La vocation de départ des Web service (SOAP-XML) est l’interopérabilité. C’est la raison pour laquelle la stack de base est composée de standards simples : HTTP pour le transport, une enveloppe SOAP et une représentation XML (XML Schema).
Bien sûr, au-delà de l’interopérabilité la mise en place d’un système réel nécessite d’évaluer les besoins en terme de performance d’exécution (temps de réponse) et de coordination (acquittement des messages, contexte, transaction…). Ici les Web services présentent des contraintes fortes qu’il faut comprendre dans l’instant et estimer dans la distance.
Cette meilleure pratique propose un cadre d’analyse pour juger du niveau de pertinence de l’usage de SOAP-XML face aux autres solutions plus traditionnelles comme RMI/IIOP, DCOM, MOM…

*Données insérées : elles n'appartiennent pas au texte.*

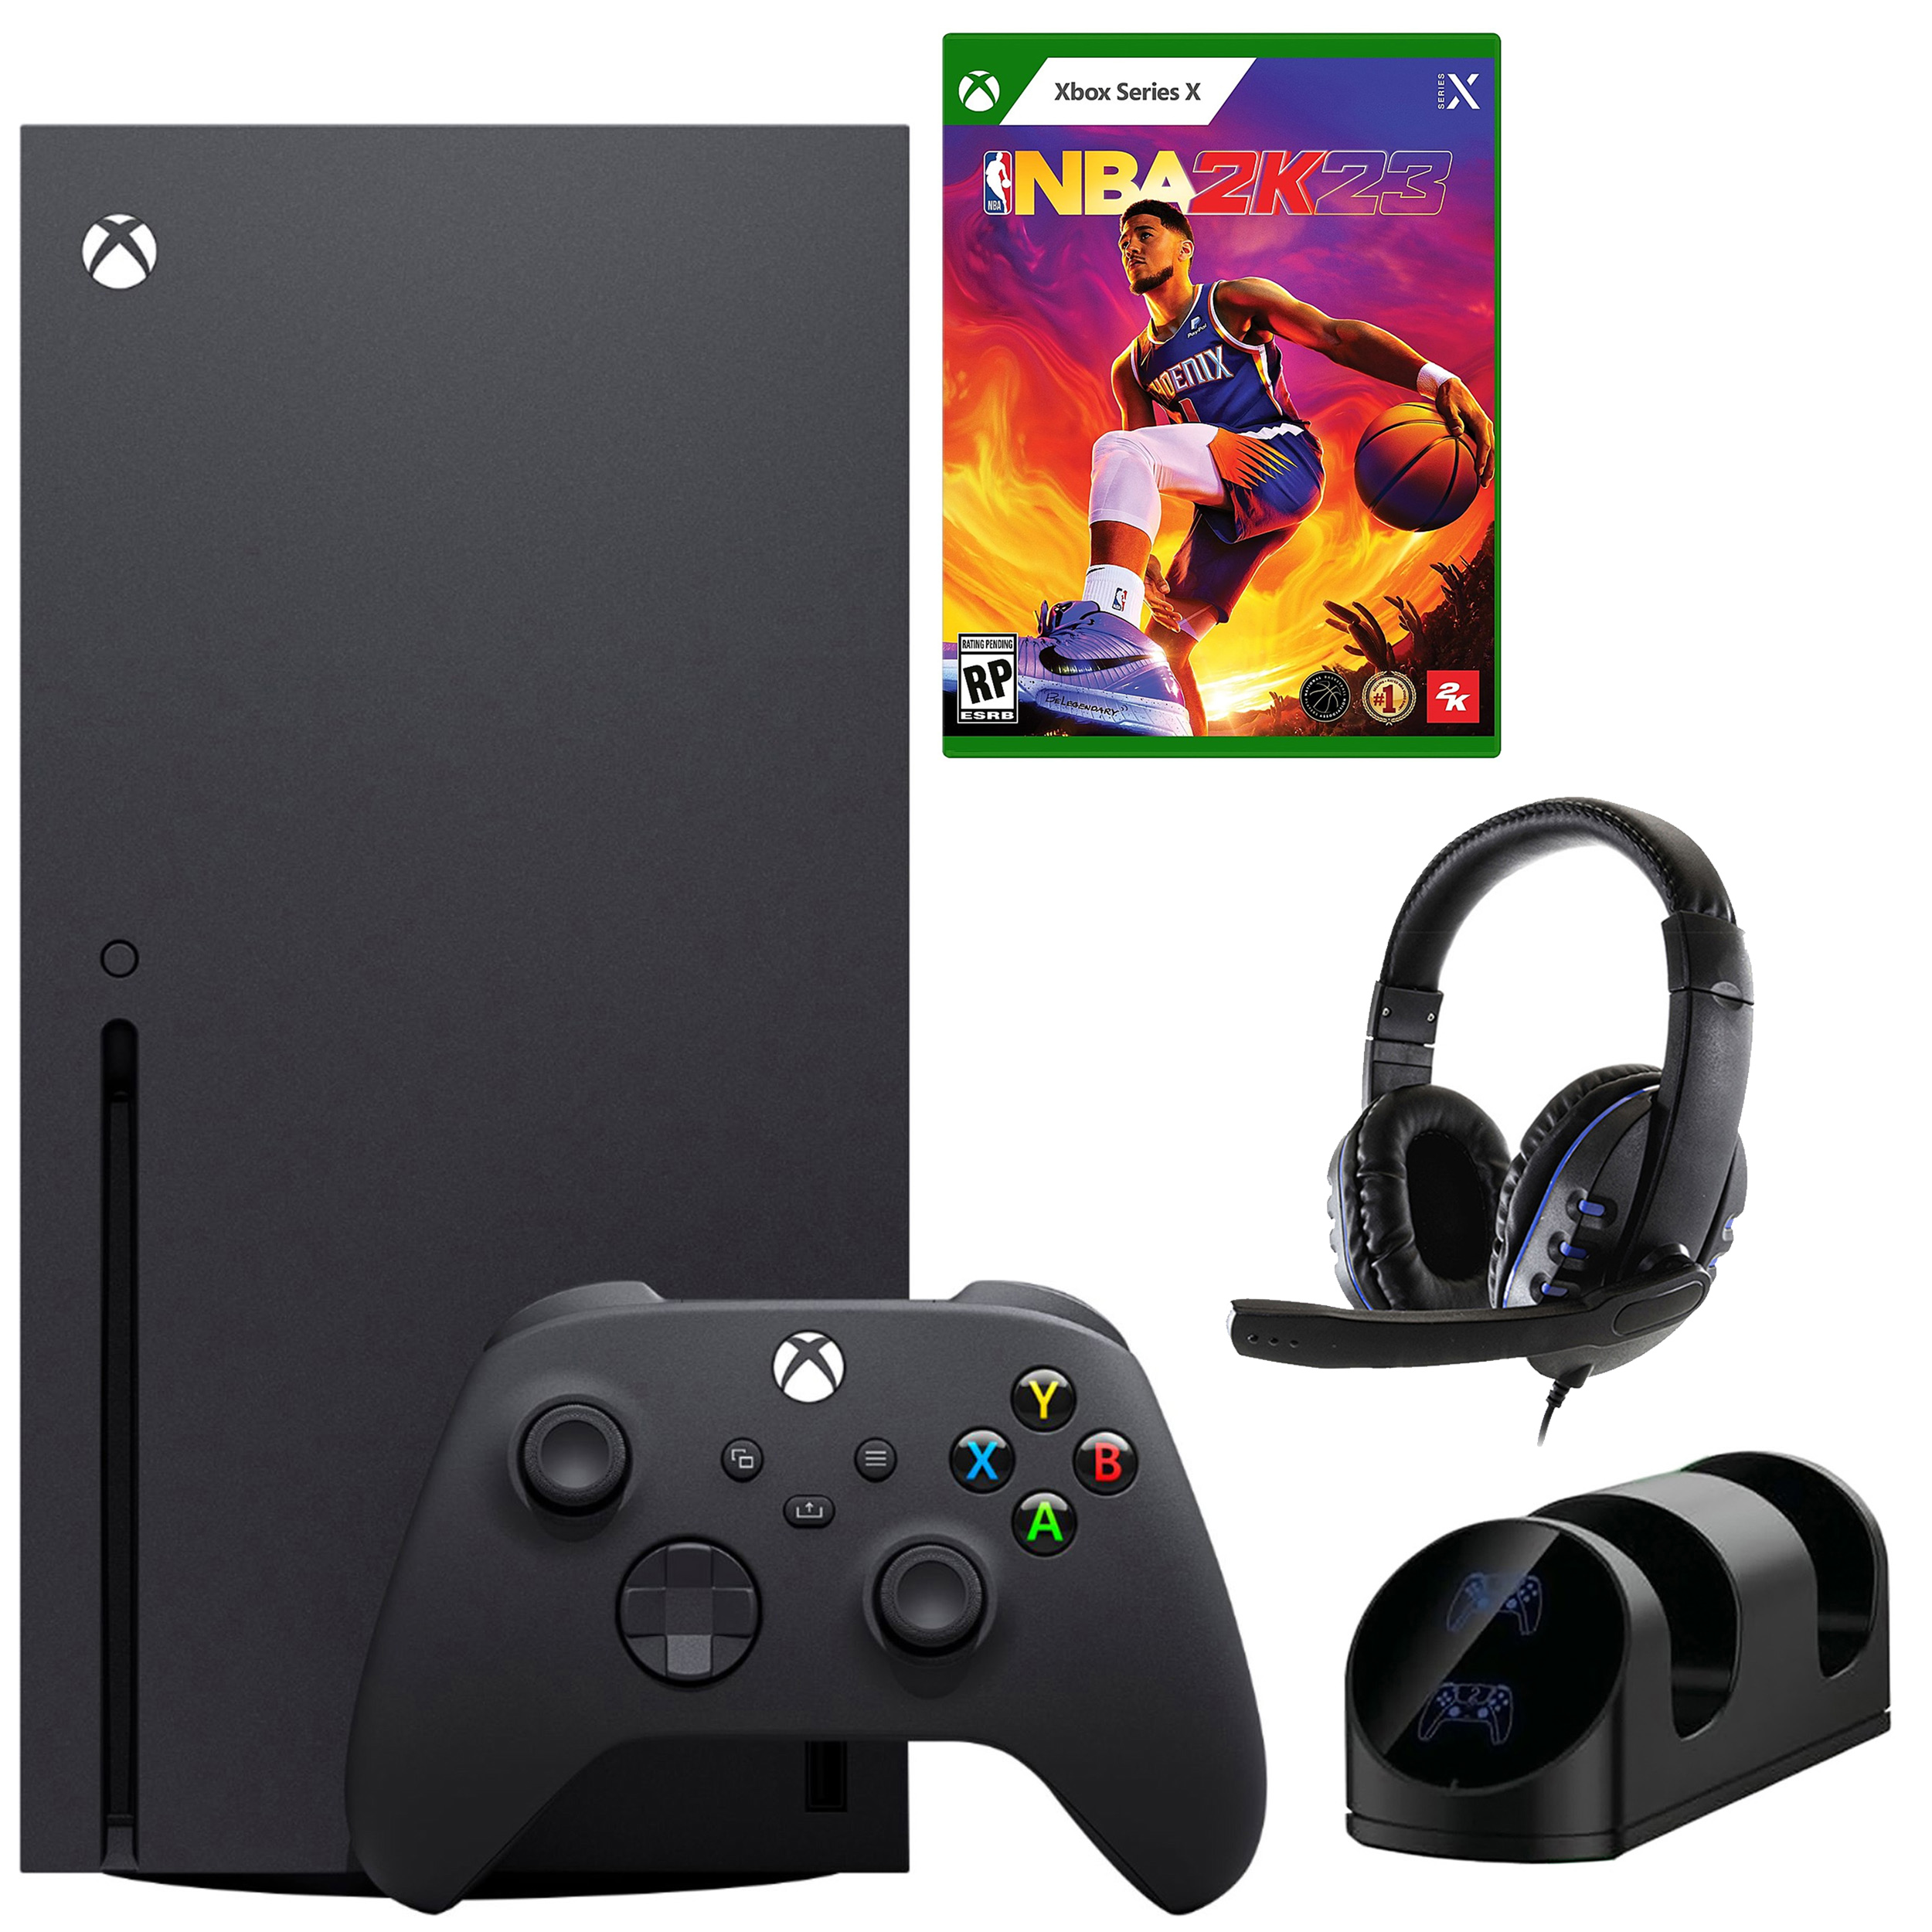 Microsoft Xbox Series X 1TB Console with NBA 2K23 & Accessories

Rappel sur la granularité des services
Une autre meilleure pratique détaille comment appréhender la granularité des services et conduit à une typologie de services qui est la suivante :
- Service métier (à usage métier, fonctionnel ou technique). Ce sont les services de grande maille (coarse grained) identifié au niveau des cahiers des charges fonctionnels et à partir d’une découpe des processus organisationnels (Y compris les processus de type EAI lorsqu’il s’agit d’un besoin d’intégration inter-applicatifs) (exposition d’un périmètre fonctionnel du fournisseur vers les consommateurs). La meilleure pratique fournit des principes méthodologique pour cette découpe et d’autres sur les métriques des messages échangés par les services métiers : pas plus de 100 paramètres élémentaires, maximum de deux niveaux d’héritage après la racine…

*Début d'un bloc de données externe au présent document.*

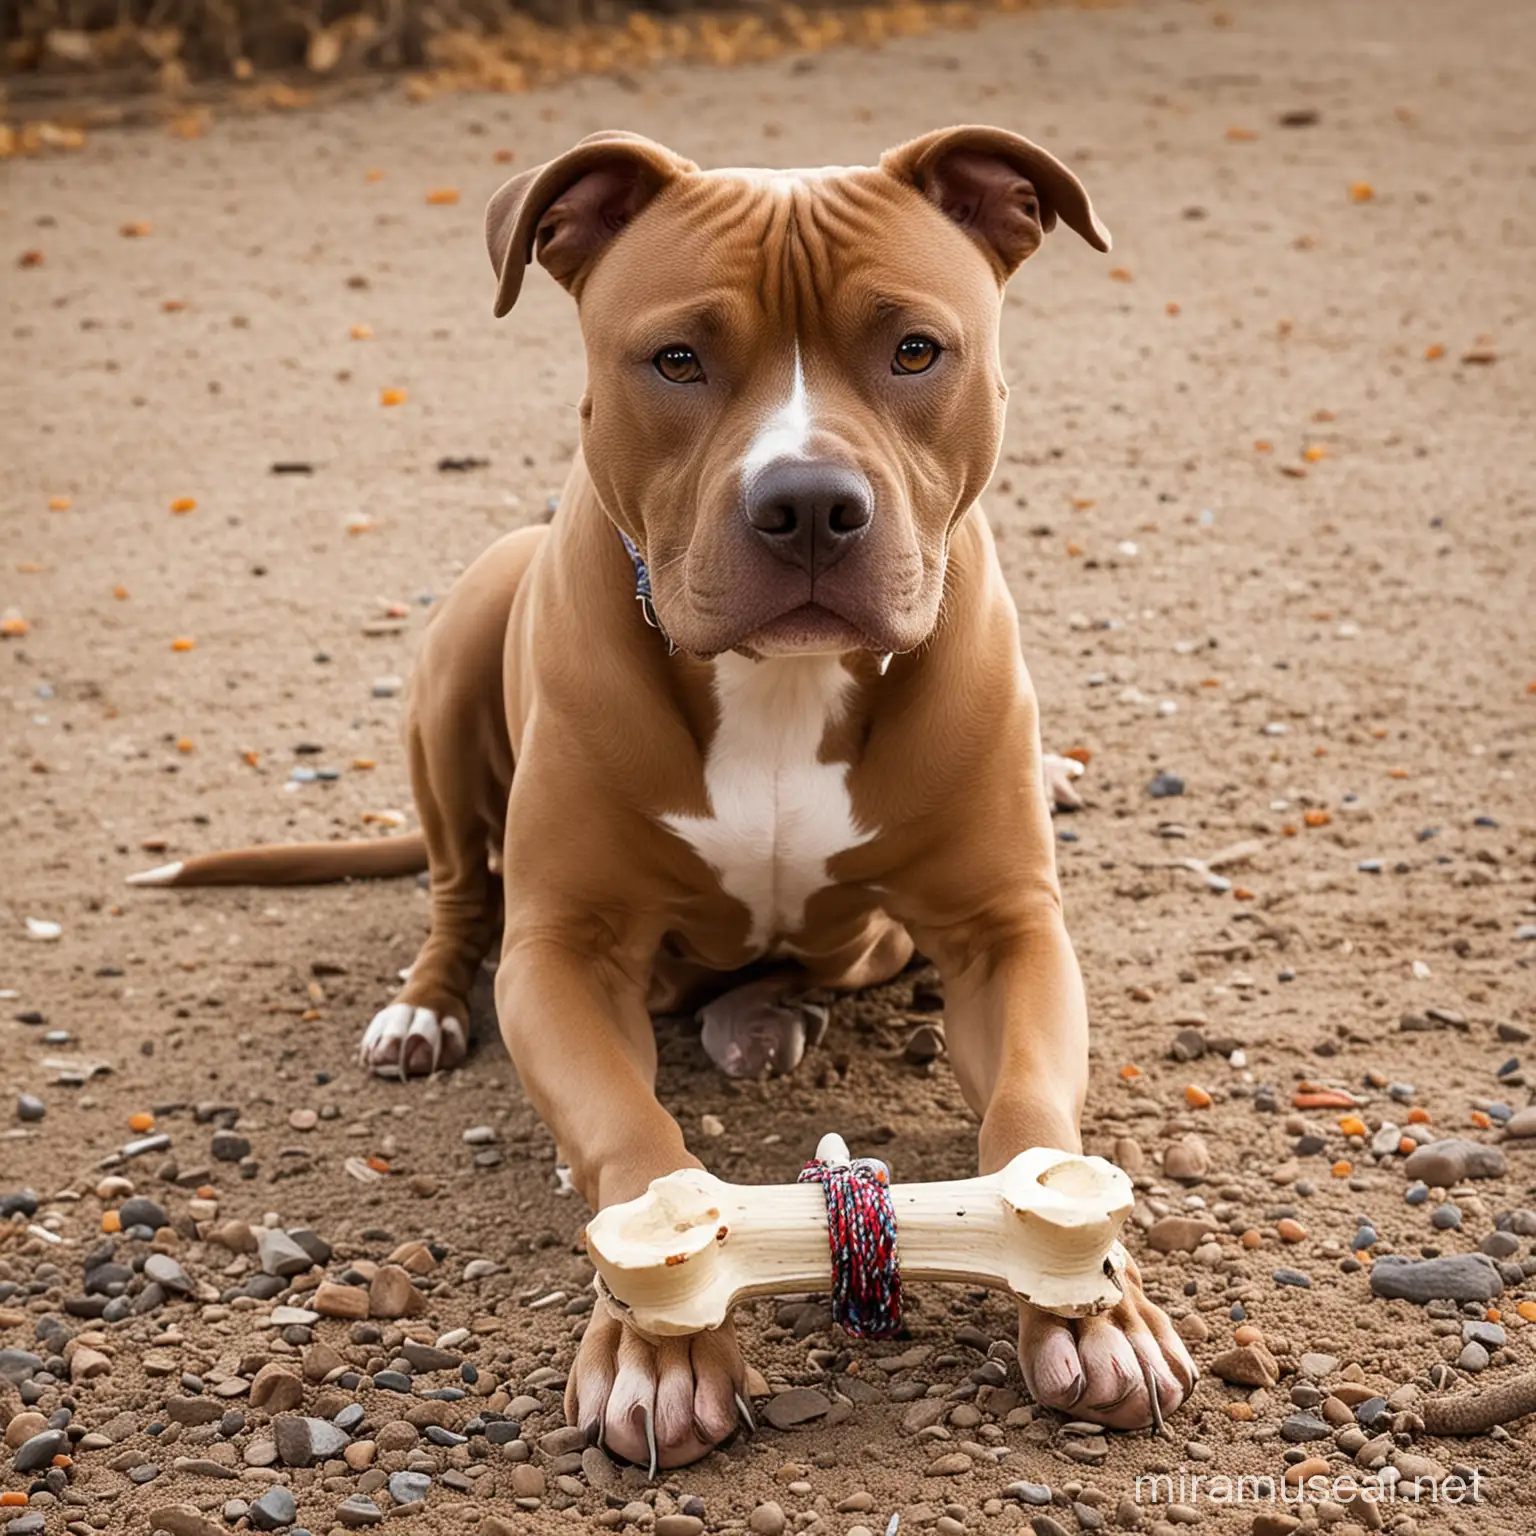 A pitbull with a toy bone.

- Service attaché à une Catégorie (au sens de Grady Booch, contributeur à UML). Le concept de Catégorie est utilisé pour partitionner le système d’information autour d’entité de gestion majeure qui permettent de découper les services métiers en services attachés aux Catégories. La maille de ces services est celle qui forme l’architecture applicative (medium grained). La meilleure pratique fournit de nombreuses règles pour la découverte des Catégories, la mise en place d’un couplage faible entre les Catégories, l’implémentation sous la forme de Composants dans les serveurs d’application (Factory, Interface…).

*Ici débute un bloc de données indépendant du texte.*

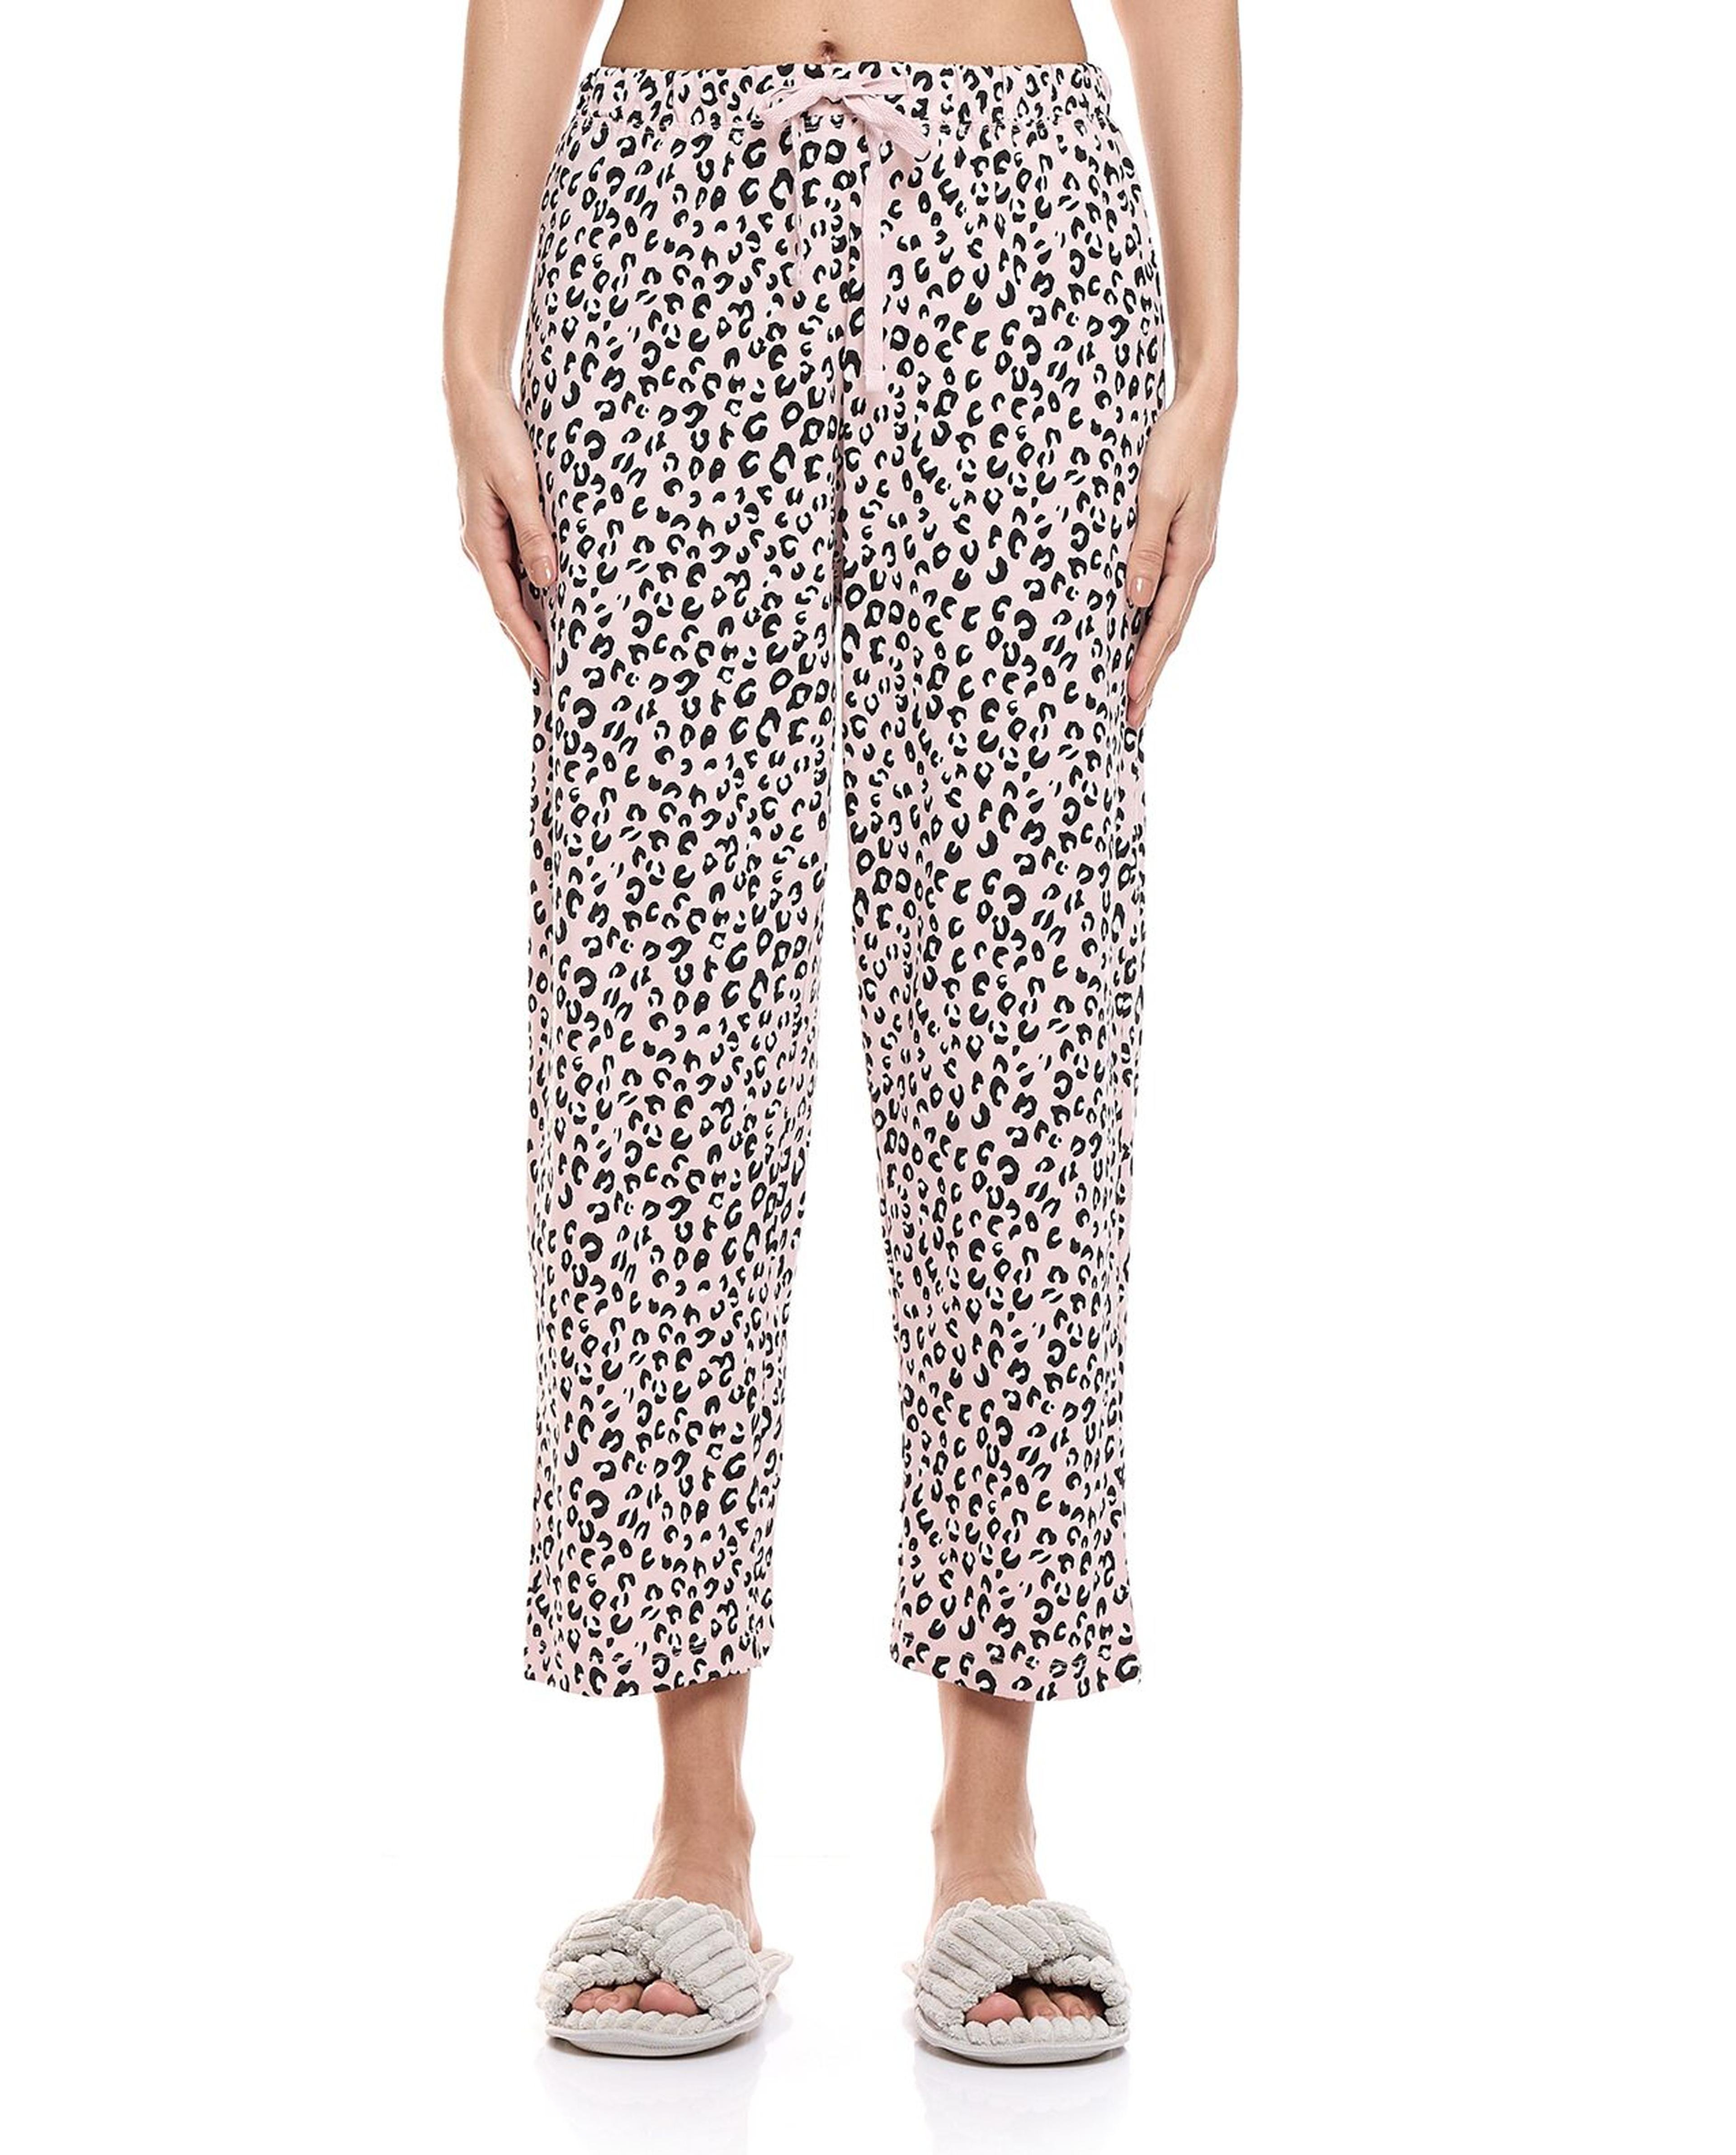 Animal Printed Short Sleeves Pajama Set

- Enfin, chaque service d’une Catégorie est décomposé sous la forme de services rattachés aux classes qui forment la Catégorie (ou ses modules internes si on n’implémente pas en langage objet la Catégorie). Il s’agit ici d’une maille la plus élémentaire (fine grained) du service (équivalent à la méthode dans une Classe).
Aujourd’hui, compte tenu de la vocation des Web service et de la représentation des messages en XML (besoin de parsing), il faut limiter leurs usages aux services métiers, c'est-à-dire la première couche de service que nous venons de décrire rapidement. Un Web service est donc ‘coarse grained’, pas ‘medium grained’ et encore moins ‘fine grained’. C’est évidemment une règle de départ (par défaut) que l’on peut toujours dégrader selon les besoins particulier d’un projet, mais en justifiant les raisons de cette éventuelle variante.
Les différents types de binding
Tout d’abord nous synthétisons dans le tableau suivant les différents types de bindings courants pour le choix du protocole de communication.
Les deux premières colonnes présentent le cas des Web services avec SOAP over HTTP et SOAP over JMS. Une courte analyse synthétique est associée à chaque cas de binding.
Figure 13 : Les différents types de binding

Le terme ‘Coordination’ fait référence aux fonctions nécessaires pour la gestion de l’acquittement des messages, du contexte (maintien d’information entre plusieurs appels de services), des événements (abonnement, notification), des transactions…
Cadre d’analyse pour juger de la pertinence des Web services et de la performance
Le tableau suivant présente les critères majeurs qui contribuent à l’étude d’opportunité d’usage des Web services. Bien sûr, les deux axes principaux sont l’interopérabilité et la performance.
On confirme que l’usage actuel de SOAP over HTTP (cadrant en couleur verte sur le schéma) est légitime lorsque le besoin d’interopérabilité est fort et les performances moyennes.
En cas d’interopérabilité forte et de performance attendue également forte, on peut tenter l’usage de SOAP over HTTP sous condition de déployer des dispositifs qui favorisent les performances :
- Utiliser des types de données XML Schema les plus élémentaires possibles (pas de types étendus) afin de réduire le travail de parsing.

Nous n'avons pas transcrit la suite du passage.